To do: Your task is to copy the lines from the line containing "nfl browns jacket" through the end of the listing below, both included, without any pictures.

** Information supplied follows **

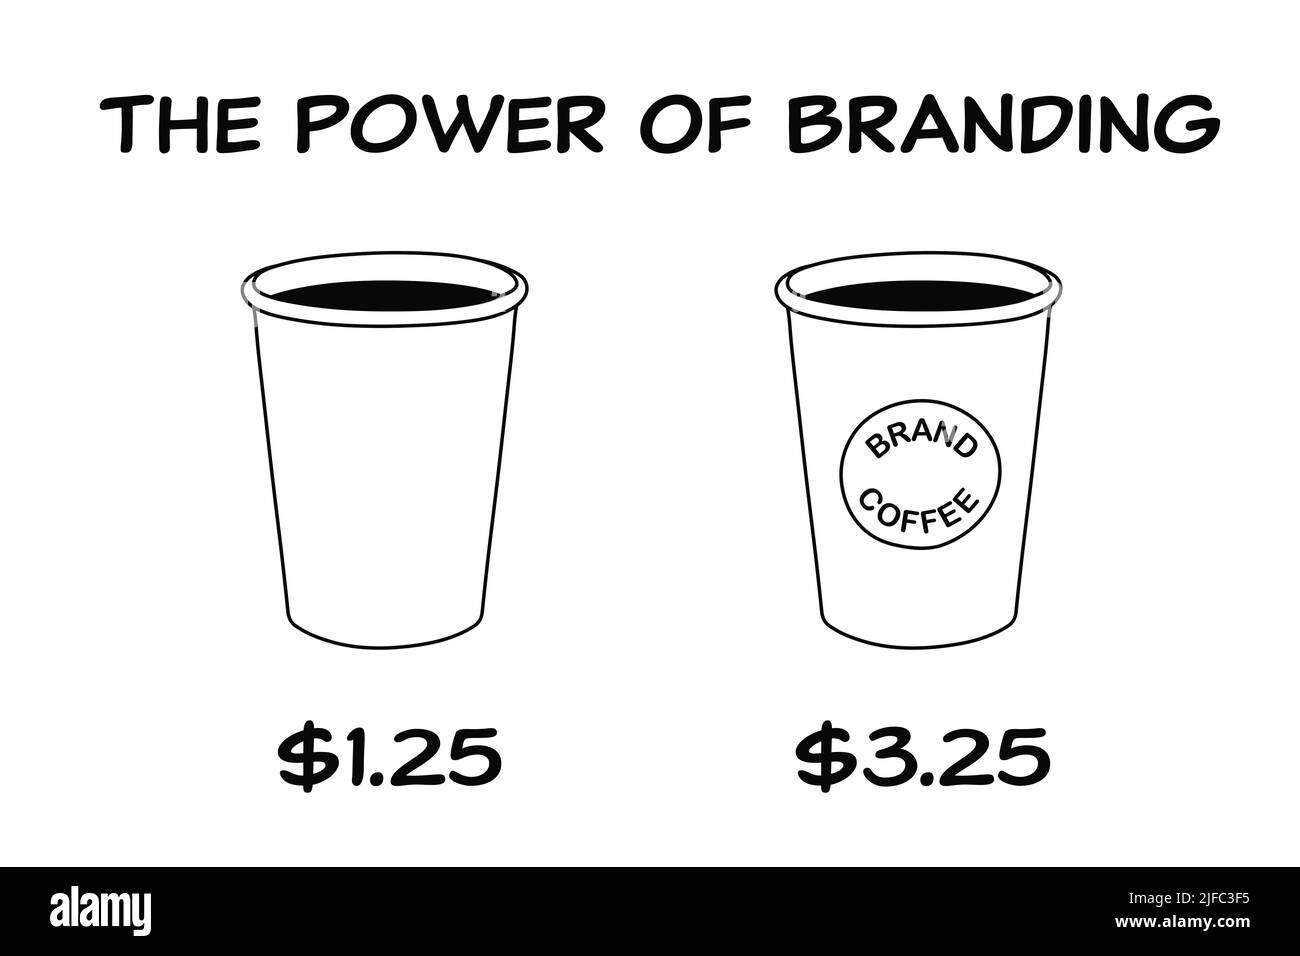 Concepto de negocio sobre el poder de la marca con dos tazas de café una marca y otra no marca con una gran diferencia de precio. Foto de stock
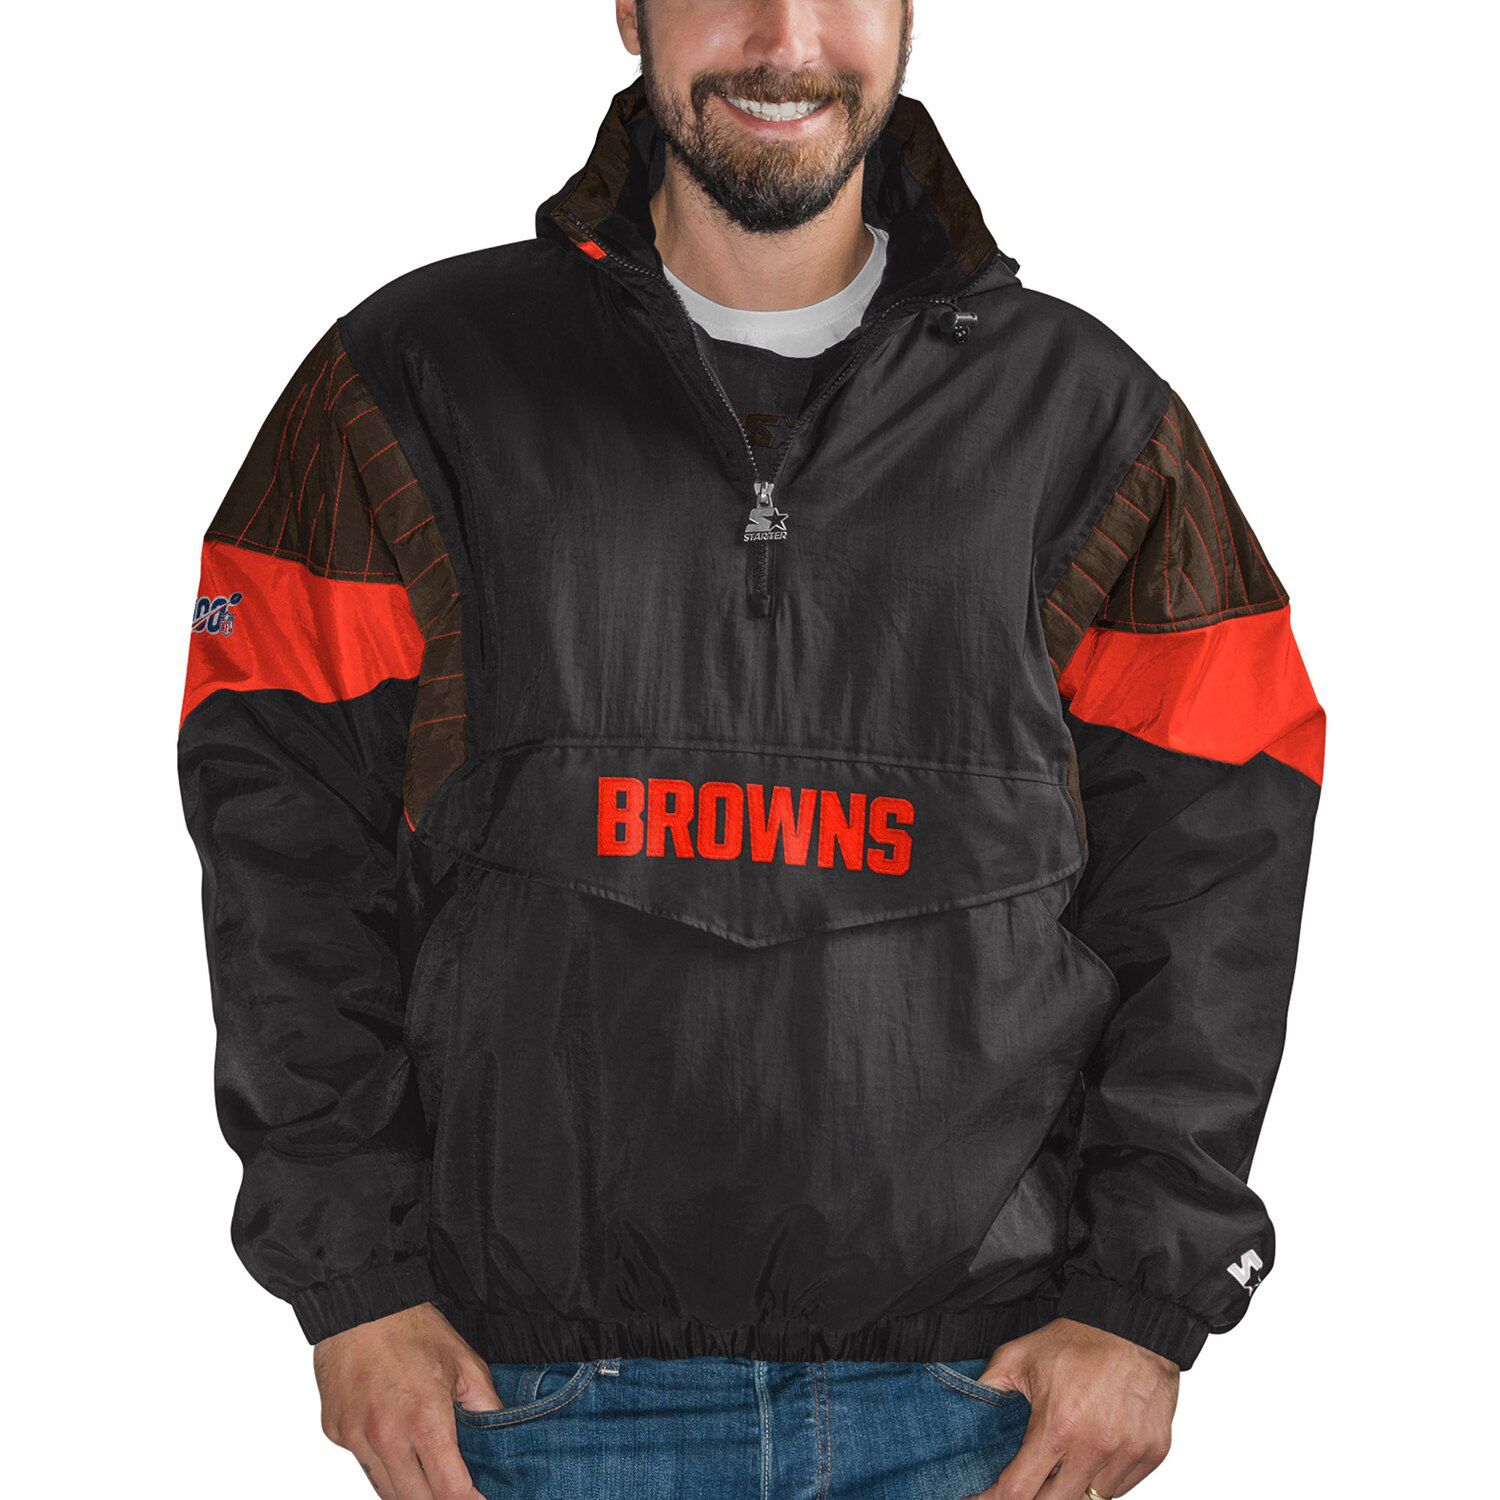 nfl browns jacket
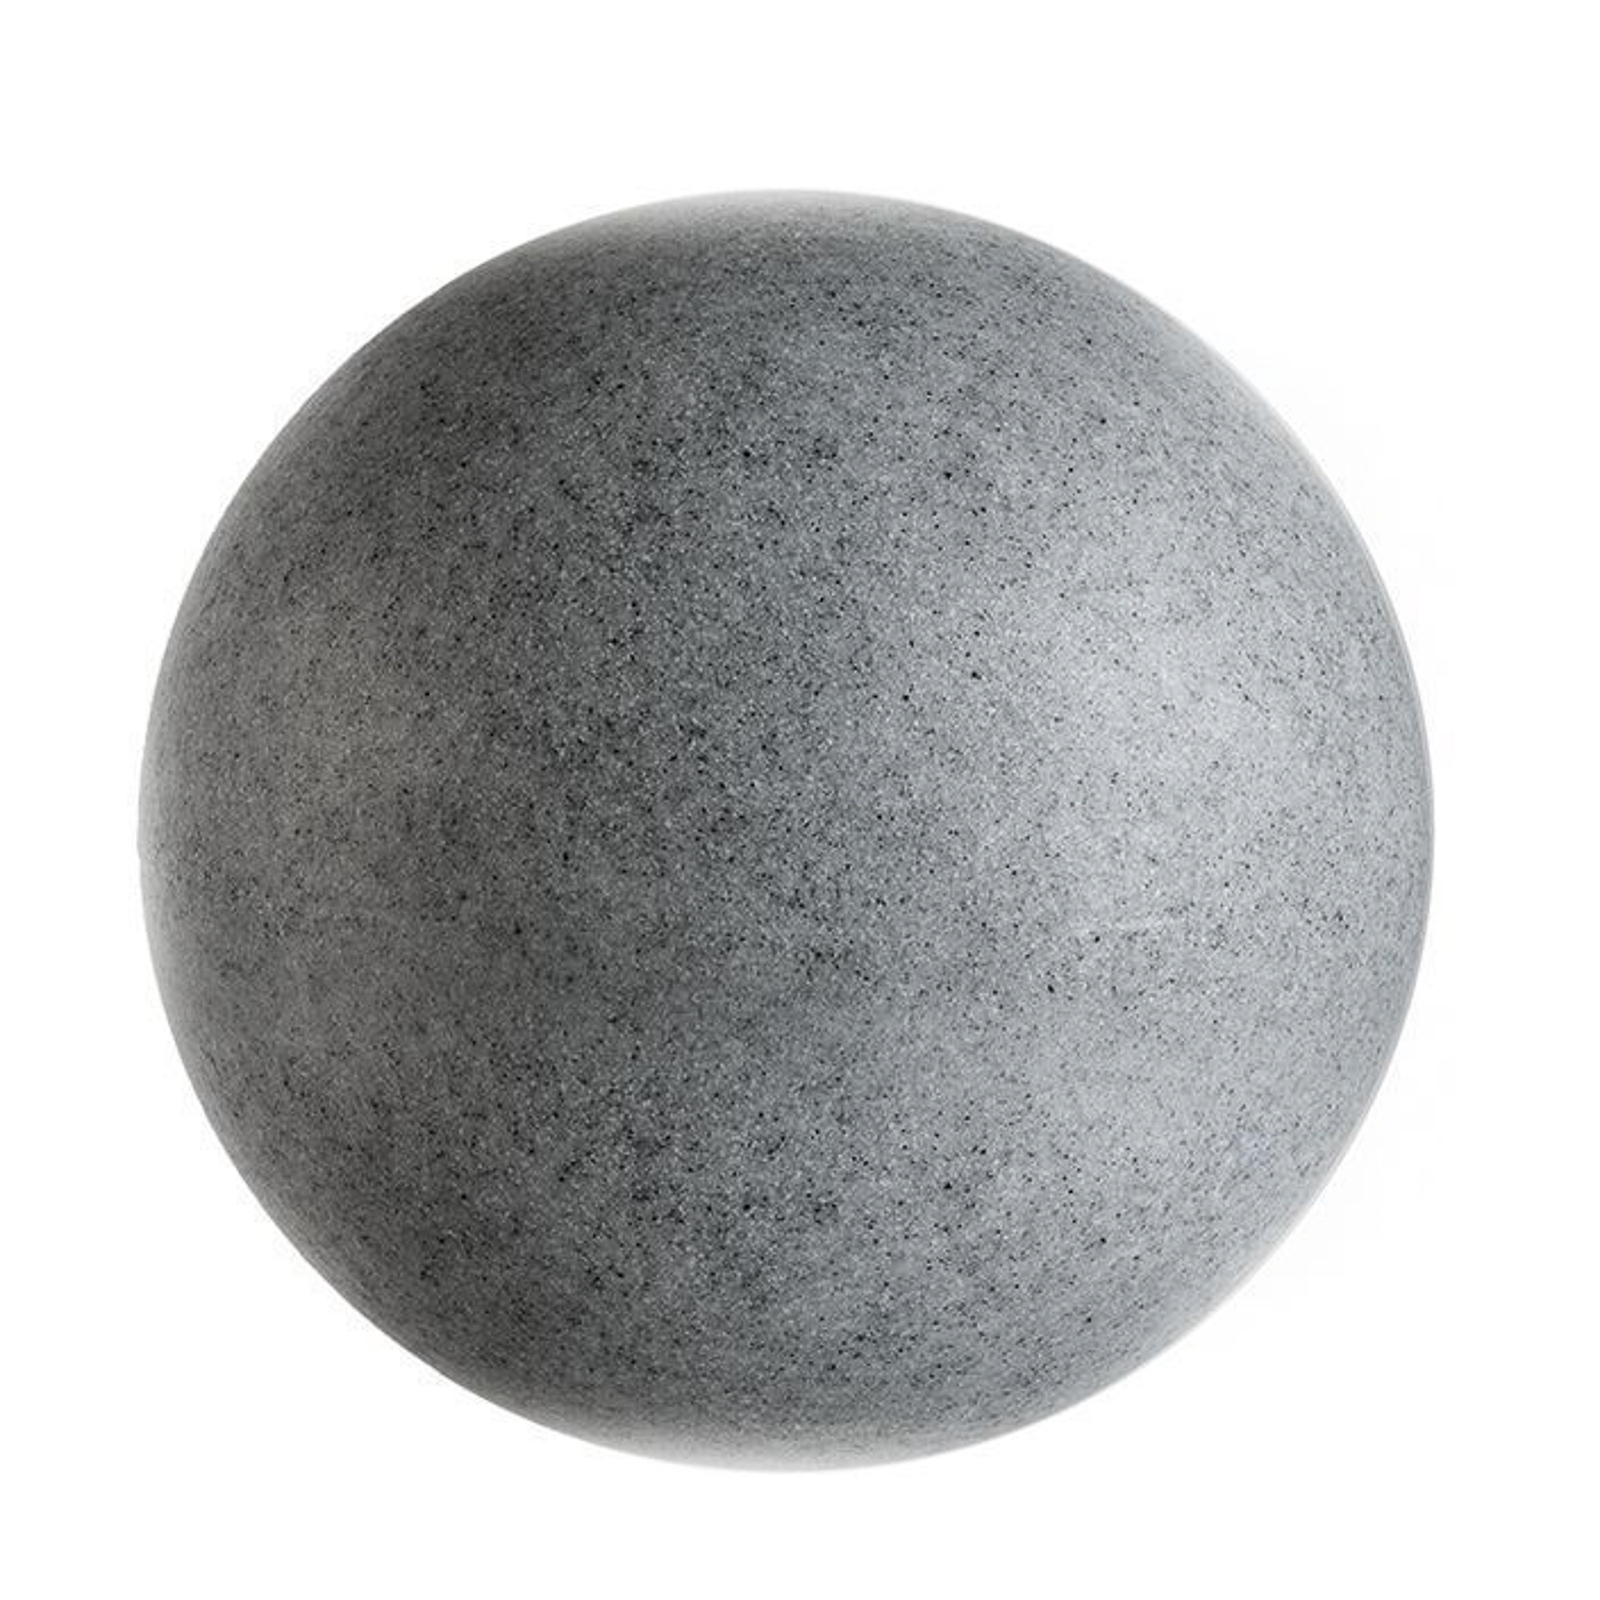 Lâmpada de globo para exterior com espigão, granito, Ø 25cm
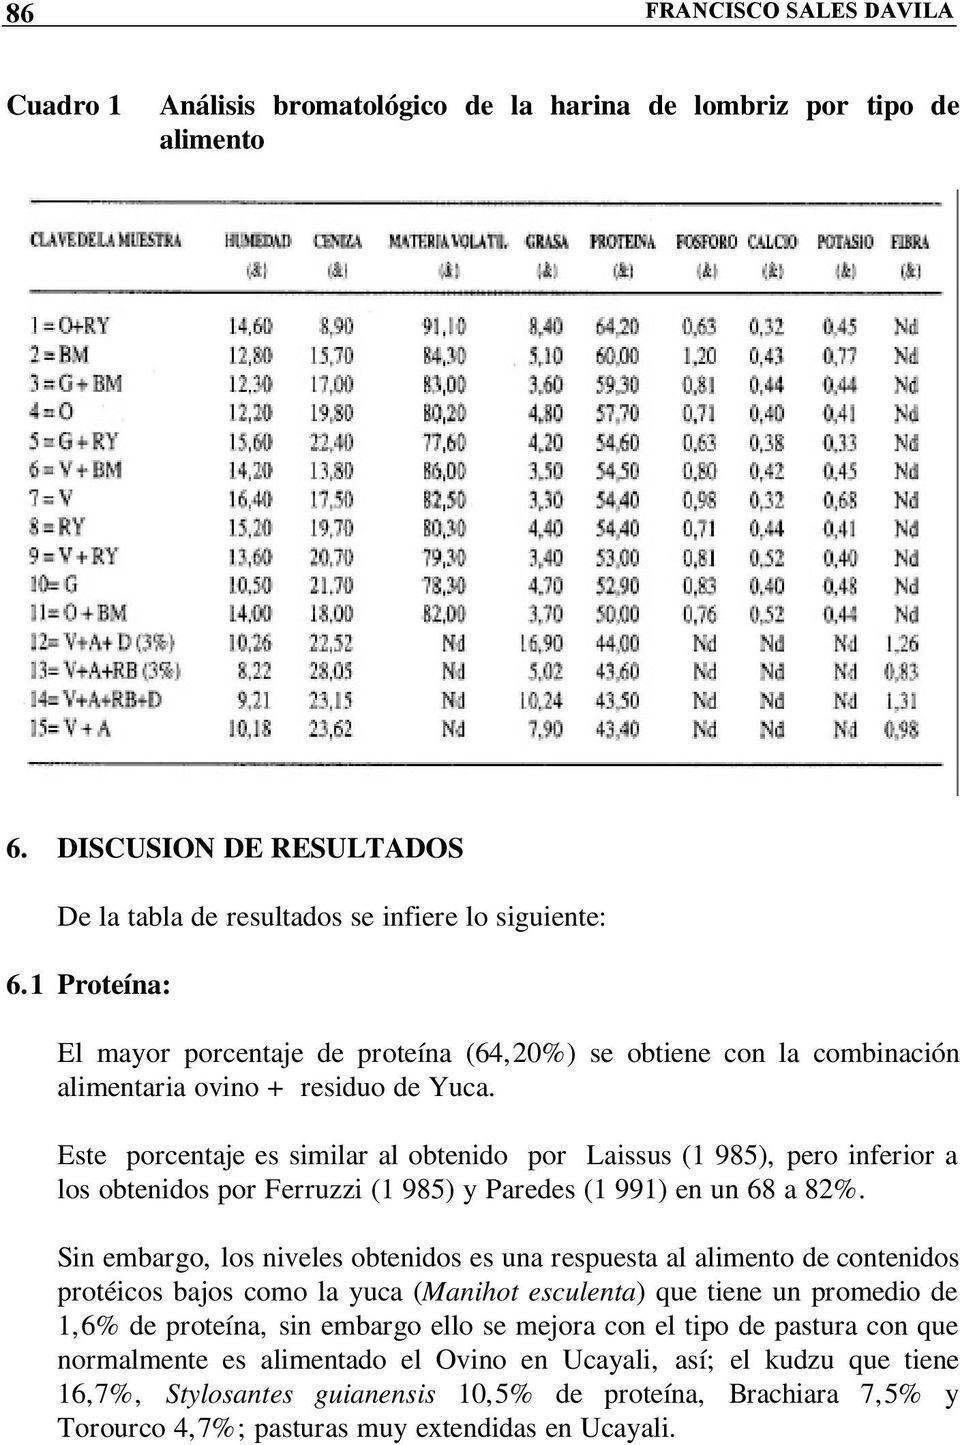 Este porcentaje es similar al obtenido por Laissus (1 985), pero inferior a los obtenidos por Ferruzzi (1 985) y Paredes (1 991) en un 68 a 82%.

** End of Information supplied **

Response below:
 nfl browns jacket
 Lâmpada de globo para exterior com espigão, granito, Ø 25cm
 Este porcentaje es similar al obtenido por Laissus (1 985), pero inferior a los obtenidos por Ferruzzi (1 985) y Paredes (1 991) en un 68 a 82%.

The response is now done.